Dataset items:
- - - - -

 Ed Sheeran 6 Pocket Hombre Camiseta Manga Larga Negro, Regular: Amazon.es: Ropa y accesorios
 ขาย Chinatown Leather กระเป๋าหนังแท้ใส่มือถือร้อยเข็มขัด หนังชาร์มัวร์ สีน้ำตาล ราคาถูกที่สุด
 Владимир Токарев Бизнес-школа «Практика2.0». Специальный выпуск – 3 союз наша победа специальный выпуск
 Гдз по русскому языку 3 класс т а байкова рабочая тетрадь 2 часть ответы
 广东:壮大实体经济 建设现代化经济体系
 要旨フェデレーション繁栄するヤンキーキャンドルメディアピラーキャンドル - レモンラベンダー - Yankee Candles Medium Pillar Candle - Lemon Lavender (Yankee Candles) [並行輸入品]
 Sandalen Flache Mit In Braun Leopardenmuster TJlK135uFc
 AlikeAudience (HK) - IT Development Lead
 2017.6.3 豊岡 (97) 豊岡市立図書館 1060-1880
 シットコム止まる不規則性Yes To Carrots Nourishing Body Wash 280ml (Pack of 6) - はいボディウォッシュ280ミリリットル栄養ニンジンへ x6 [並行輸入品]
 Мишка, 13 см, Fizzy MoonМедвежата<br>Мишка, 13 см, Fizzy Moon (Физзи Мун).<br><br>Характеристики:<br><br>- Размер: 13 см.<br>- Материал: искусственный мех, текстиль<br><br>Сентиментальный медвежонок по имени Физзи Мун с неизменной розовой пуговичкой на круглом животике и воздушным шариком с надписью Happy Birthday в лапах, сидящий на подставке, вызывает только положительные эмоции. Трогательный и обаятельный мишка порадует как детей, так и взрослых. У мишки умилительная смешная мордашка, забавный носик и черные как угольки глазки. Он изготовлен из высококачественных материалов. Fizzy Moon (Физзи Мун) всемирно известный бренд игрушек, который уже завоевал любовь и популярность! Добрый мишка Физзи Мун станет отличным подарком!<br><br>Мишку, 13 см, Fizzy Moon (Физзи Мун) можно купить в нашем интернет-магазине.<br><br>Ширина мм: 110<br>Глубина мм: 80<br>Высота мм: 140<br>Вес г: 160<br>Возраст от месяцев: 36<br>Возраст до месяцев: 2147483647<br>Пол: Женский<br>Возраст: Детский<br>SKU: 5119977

- - - - -

Your task - All of the entries must be given again, word for word.

Result of this task -
 Ed Sheeran 6 Pocket Hombre Camiseta Manga Larga Negro, Regular: Amazon.es: Ropa y accesorios
 ขาย Chinatown Leather กระเป๋าหนังแท้ใส่มือถือร้อยเข็มขัด หนังชาร์มัวร์ สีน้ำตาล ราคาถูกที่สุด
 Владимир Токарев Бизнес-школа «Практика2.0». Специальный выпуск – 3 союз наша победа специальный выпуск
 Гдз по русскому языку 3 класс т а байкова рабочая тетрадь 2 часть ответы
 广东:壮大实体经济 建设现代化经济体系
 要旨フェデレーション繁栄するヤンキーキャンドルメディアピラーキャンドル - レモンラベンダー - Yankee Candles Medium Pillar Candle - Lemon Lavender (Yankee Candles) [並行輸入品]
 Sandalen Flache Mit In Braun Leopardenmuster TJlK135uFc
 AlikeAudience (HK) - IT Development Lead
 2017.6.3 豊岡 (97) 豊岡市立図書館 1060-1880
 シットコム止まる不規則性Yes To Carrots Nourishing Body Wash 280ml (Pack of 6) - はいボディウォッシュ280ミリリットル栄養ニンジンへ x6 [並行輸入品]
 Мишка, 13 см, Fizzy MoonМедвежата<br>Мишка, 13 см, Fizzy Moon (Физзи Мун).<br><br>Характеристики:<br><br>- Размер: 13 см.<br>- Материал: искусственный мех, текстиль<br><br>Сентиментальный медвежонок по имени Физзи Мун с неизменной розовой пуговичкой на круглом животике и воздушным шариком с надписью Happy Birthday в лапах, сидящий на подставке, вызывает только положительные эмоции. Трогательный и обаятельный мишка порадует как детей, так и взрослых. У мишки умилительная смешная мордашка, забавный носик и черные как угольки глазки. Он изготовлен из высококачественных материалов. Fizzy Moon (Физзи Мун) всемирно известный бренд игрушек, который уже завоевал любовь и популярность! Добрый мишка Физзи Мун станет отличным подарком!<br><br>Мишку, 13 см, Fizzy Moon (Физзи Мун) можно купить в нашем интернет-магазине.<br><br>Ширина мм: 110<br>Глубина мм: 80<br>Высота мм: 140<br>Вес г: 160<br>Возраст от месяцев: 36<br>Возраст до месяцев: 2147483647<br>Пол: Женский<br>Возраст: Детский<br>SKU: 5119977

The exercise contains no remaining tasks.